Stefan Beller <sbeller@google.com> writes:

> diff --git a/refs.c b/refs.c
> index 4f495bd..7ce7b97 100644
> --- a/refs.c
> +++ b/refs.c
> @@ -3041,6 +3041,13 @@ static int write_ref_sha1(struct ref_lock *lock,
>  		errno = EINVAL;
>  		return -1;
>  	}
> +	if (lock->lk->fd == -1 && reopen_lock_file(lock->lk) == -1) {

Granted, we explicitly assign -1 to lk->fd when we know it is
closed, and the return value from reopen_lock_file() can come only
from the return value from open(2), which is defined to return -1
(i.e. not just any negative value) upon failure, but still, isn't it
customary to check with "< 0" rather than "== -1" for errors?

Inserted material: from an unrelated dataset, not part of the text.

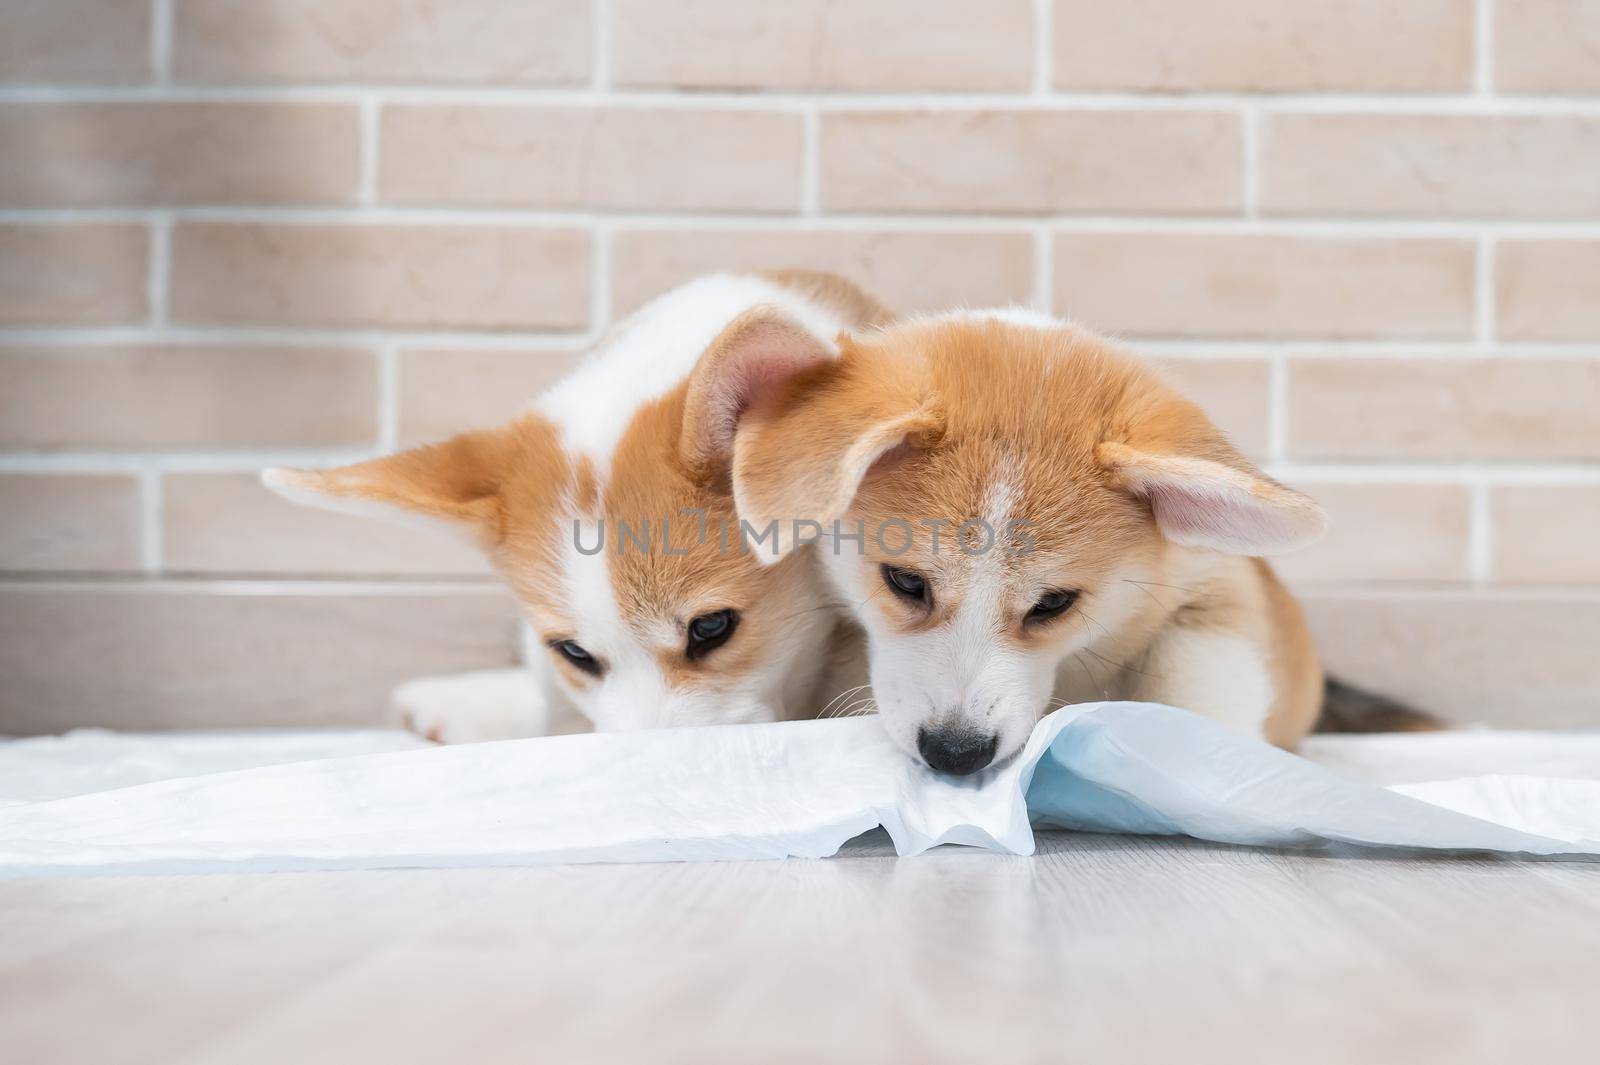 Two pembroke corgi puppies on a disposable diaper

> +		int save_errno = errno;
> +		error("Couldn't reopen %s", lock->lk->filename.buf);

No need to change this line, but I noticed that we might want to do
something about the first one of the following two:

    $ git grep -e '[ 	]error(_*"[A-Z]' | wc -l
    146
    $ git grep -e '[ 	]error(_*"[a-z]' | wc -l
    390

> +		unlock_ref(lock);
> +		errno = save_errno;
> +		return -1;
> +	}

Is this the only place in the entire codebase where a lockfile,
which may have been closed to save number of open file descriptors,
needs to be reopened?  If I understand correctly, lockfile API is
not for sole use of refs (don't the index and the pack codepaths use
it, too?), so it may give us a better abstraction to have a helper
function in lockfile.[ch] that takes a lock object, i.e.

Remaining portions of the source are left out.